In landscaping we had our tasks, we knew what they were, and we executed them. I miss the physical side of the job sometimes. But in construction there is a lot more going on, more puzzle pieces to line up to see the final picture. The managing side of my job now is a lot more mental; it’s just a different kind of tired at the end of the day. But I can still turn around and see the progress in the work being done.

CONEXPO-CON/AGG 365: What’s something about your work you’re proud of?

Gentilhomme said providing young people with hands-on experience in the trades could help attract more people to careers in construction. Photo credit: Matt Wright

Gentilhomme: I recently got my Massachusetts Unrestricted Construction Supervisor’s License. The license is required to supervise work on buildings less than 35,000 cu. ft, and one-two family homes. It’s necessary to become a superintendent and as an assistant super, it gives me the opportunity to cover or run projects without a super on site. To be eligible to take the licensing exam, you need at least three years of experience or a combination of experience and a college degree, knowledge of the state and international building codes and codebooks.

CONEXPO-CON/AGG 365: You’re a young woman and construction is heavily male-dominated. What’s been your experience with that?

Gentilhomme: I feel lucky. The guys I’ve worked with, and all the subcontractors, have been really great. I haven’t had any issues. If anything, more than being a woman, age has been the biggest hurdle. 

The best way to deal with it is knowledge and confidence, know what you’re talking about and believe you are capable. It can be tough if someone’s not taking you seriously, but the other part of it is just showing everyone you’re willing to work hard and you’re willing to step up when you need to.

Listening is another way to get an edge in this industry. It’s a really underrated skill that can help solve problems a lot faster. 

CONEXPO-CON/AGG 365: What are your long-term goals?

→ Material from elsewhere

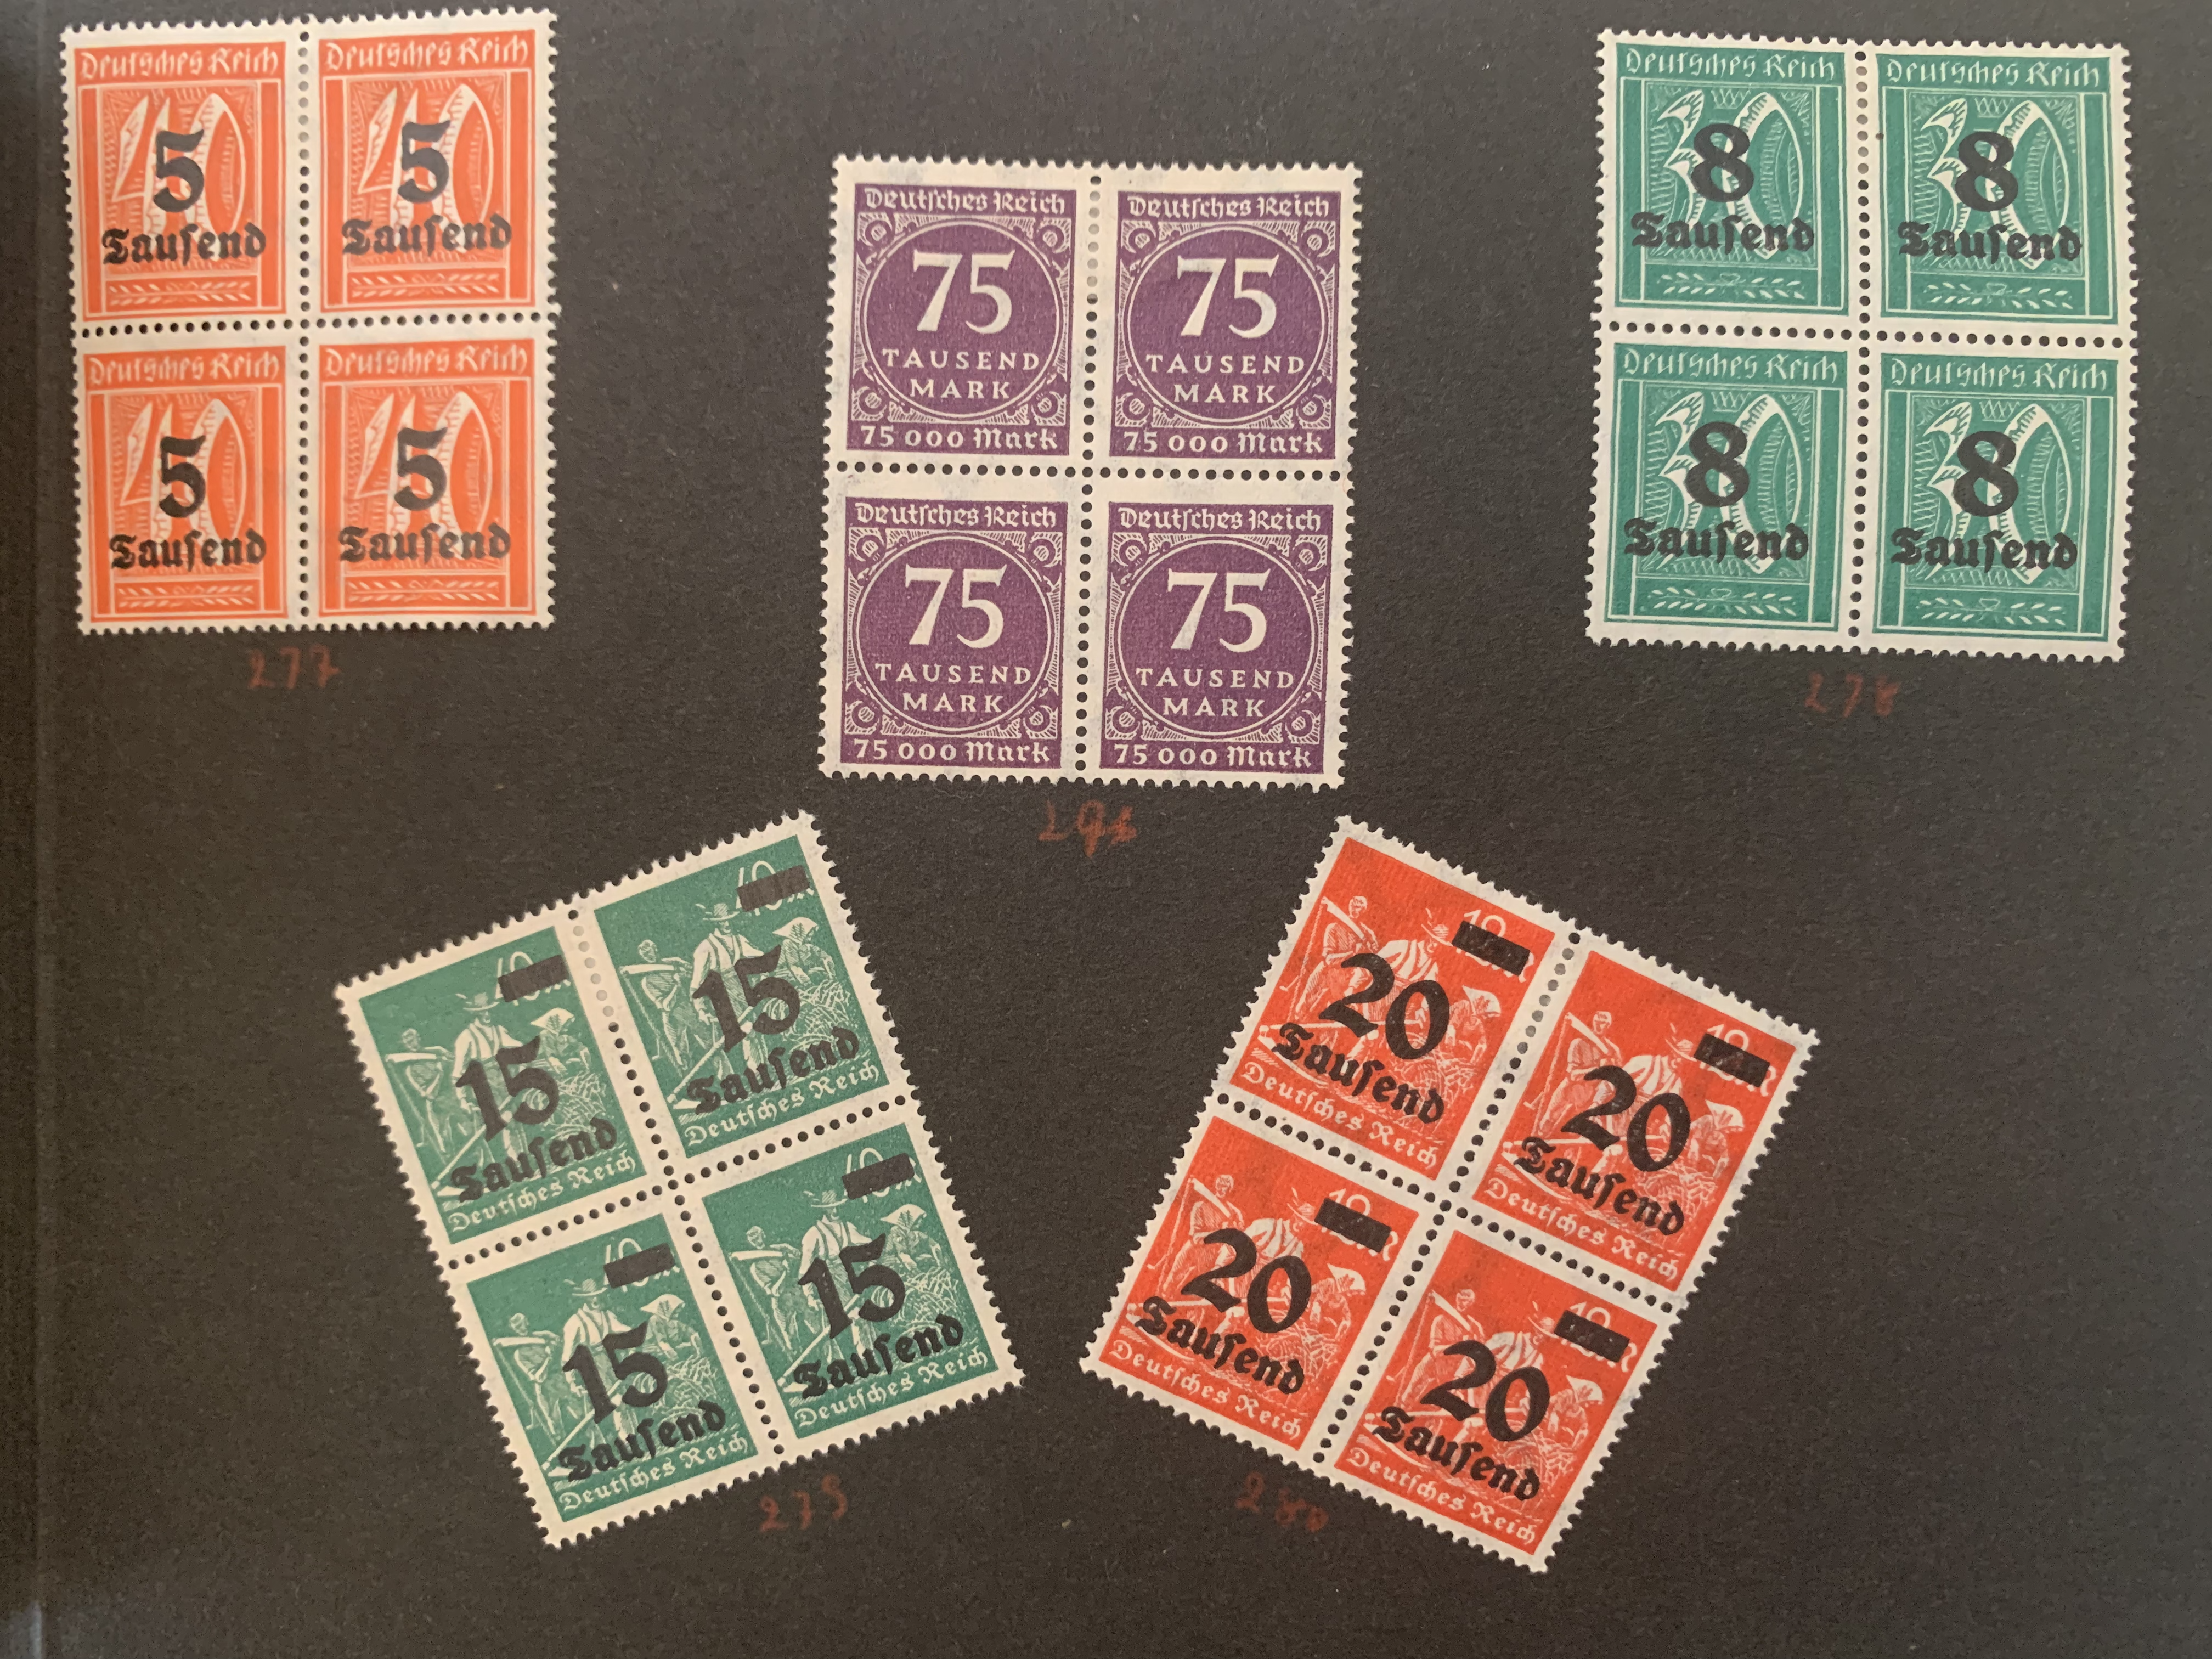 Overprinted stamps during German hyperinflation

Gentilhomme: I’m definitely going to continue building my career in construction. I want to get to the point where I can run my own work and become a superintendent.

I’m also interested in getting more young people in the industry. We need to find a way to drive more interest and participation in the trades and construction in general. Our site crew are saying we could make so much money this summer, but we just don’t have the people to take on all the work we’re being offered.

CONEXPO-CON/AGG 365: What do you think is at the root of the problem?

Gentilhomme: I think it’s a perception thing. I grew up around construction. I knew there were good careers in it, and yet I never seriously considered it until well after college because it was always suggested that if you’re not good at school, then construction is a great career path for you. School was never a struggle for me, so it was not something I really thought about, or that my parents pushed me toward.

I think construction is a great career choice for people who don’t like school or don’t do well in school because it is a different kind of learning, it’s a different skill set, but it should also be recommended to the students who did well in school.

There’s a lot of innovation and development happening in construction right now, and it’s a great industry for all kinds of students. But top students don’t hear about it enough because no high school counselor is going to suggest a straight-A student go to a trade school.

It’s more than getting counselors to talk about trade school, or parents encouraging their kids to pursue construction, because a lot of young people don’t know what it feels like to do physical work, or handle power tools. Getting hands-on exposure is really important. There are organizations out there to help with this, but you have to look for them.

CONEXPO-CON/AGG 365: What would you like to tell young people who might be thinking about a career in construction?

Gentilhomme: I would tell them the work I do feels good. I feel successful and there was a real financial benefit when I switched from the clothing company to construction – I got almost a 50% increase in salary overnight. And that’s just the starting point.